Vaccine and Drug Evaluation Centre, University of Manitoba, Winnipeg, Manitoba, Canada.
School of Health Information Science, University of Victoria, British Columbia, Canada.
Cancer Med. 2019 Sep;8(11):5367-5372. doi: 10.1002/cam4.2412. Epub 2019 Jul 16.
Several epidemiological studies have found an association between maternal antibiotics use during pregnancy and increased risk of certain cancer types, although conclusions differ between studies.
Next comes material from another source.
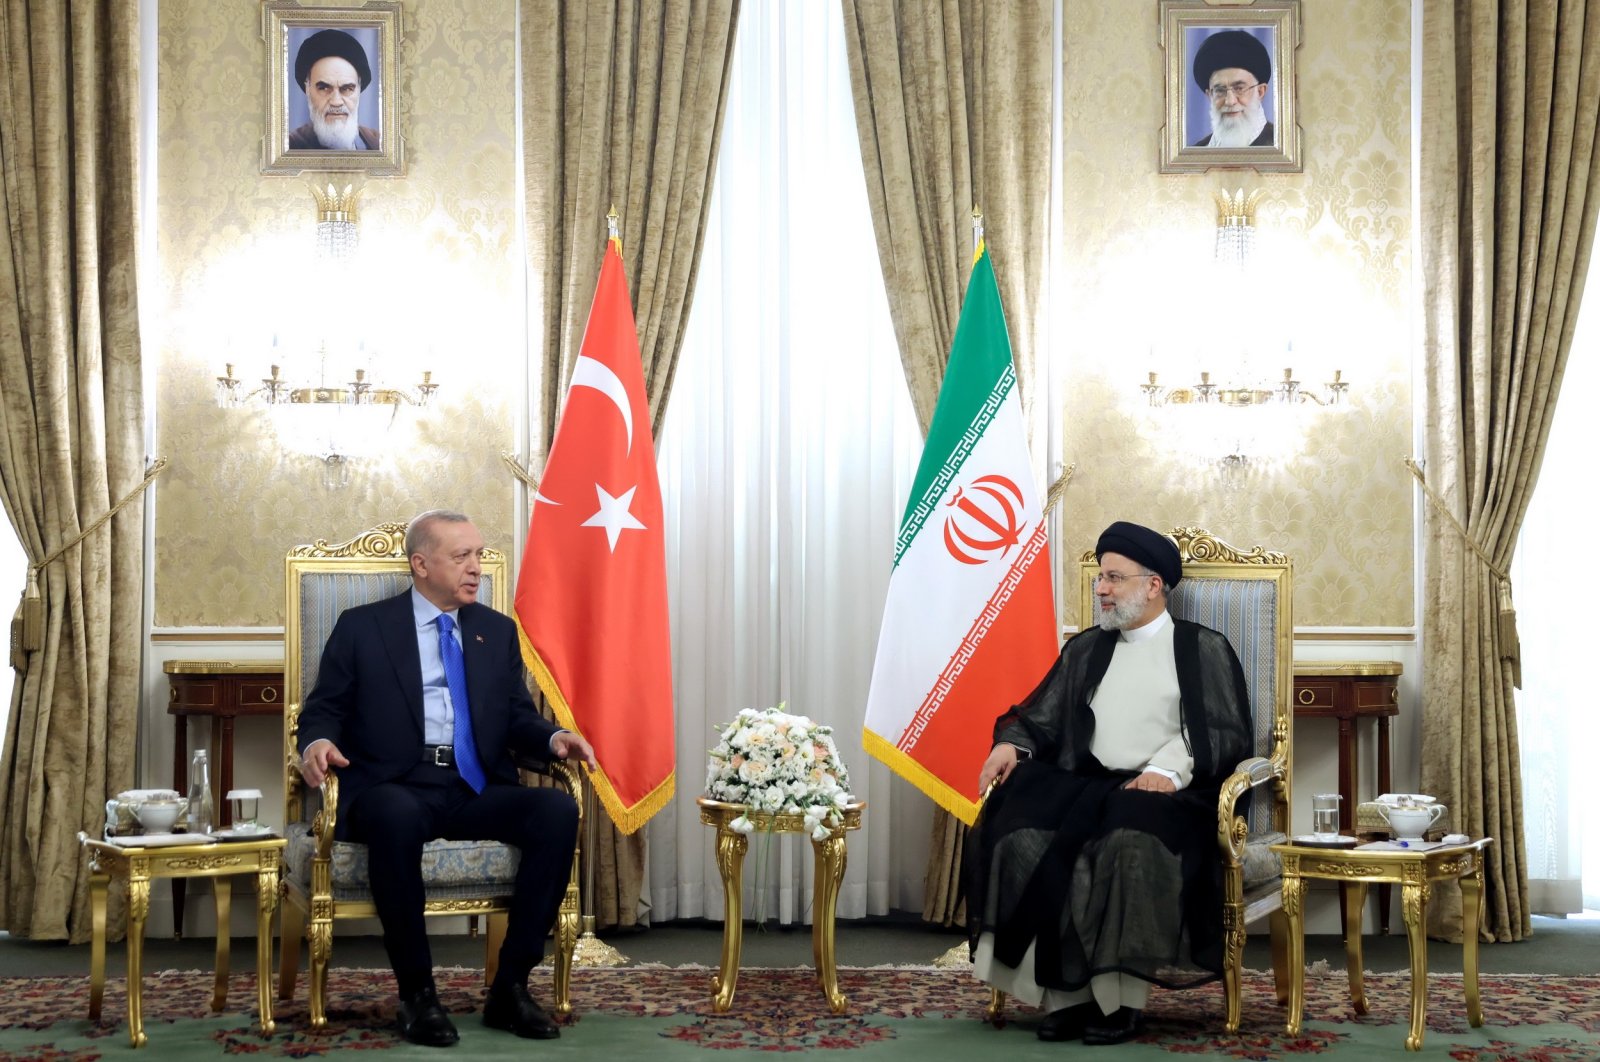 Presidentti Recep Tayyip Erdoğan (L) keskustelee Iranin presidentin Ebrahim Raisin kanssa kokouksessa Teheranissa, Iranissa, 19.7.2022. (EPA-kuva)

We examined this association in a cohort study including 262 116 mother-child pairs of Manitoba births between 1996 and 2013. Maternal antibiotics use during prepregnancy (6 months prior to pregnancy) and pregnancy periods was assessed. Children's cancer incidence was tracked up to the end of the follow-up period (December 2015). We calculated incidence rate and used Cox regression to estimate adjusted hazard ratios (HRs). Antibiotics use during pregnancy was not associated with overall cancer (HR = 1.1, 95% confidence interval 0.9-1.4), leukemias (1.3, 0.9-1.8), or acute lymphocytic leukemia (1.1, 0.7-1.6). The association between antibiotics use and overall cancer risk differed by trimester: 1.5 (1.1-1.9) in the first, 0.8 (0.6-1.0) in the second, and 1.1 (0.8-1.5) in the third trimester. Further research is necessary to confirm the association between first-trimester exposure and cancer risk after a better controlling of confounding factors.
一些流行病学研究发现,母亲在怀孕期间使用抗生素与某些癌症类型的风险增加之间存在关联,但不同研究的结论存在差异。我们在一项队列研究中检验了这种关联,该研究纳入了 1996 年至 2013 年间曼尼托巴省出生的 262116 对母婴对。评估了母亲在怀孕前(怀孕前 6 个月)和怀孕期间使用抗生素的情况。追踪儿童癌症的发病情况,直至随访期结束(2015 年 12 月)。我们计算了发病率,并使用 Cox 回归估计了调整后的危险比(HR)。怀孕期间使用抗生素与总体癌症(HR=1.1,95%置信区间 0.9-1.4)、白血病(1.3,0.9-1.8)或急性淋巴细胞白血病(1.1,0.7-1.6)无关。抗生素使用与总体癌症风险之间的关联因孕期时间而异:第一孕期为 1.5(1.1-1.9),第二孕期为 0.8(0.6-1.0),第三孕期为 1.1(0.8-1.5)。需要进一步的研究来确认第一孕期暴露与癌症风险之间的关联,需要更好地控制混杂因素。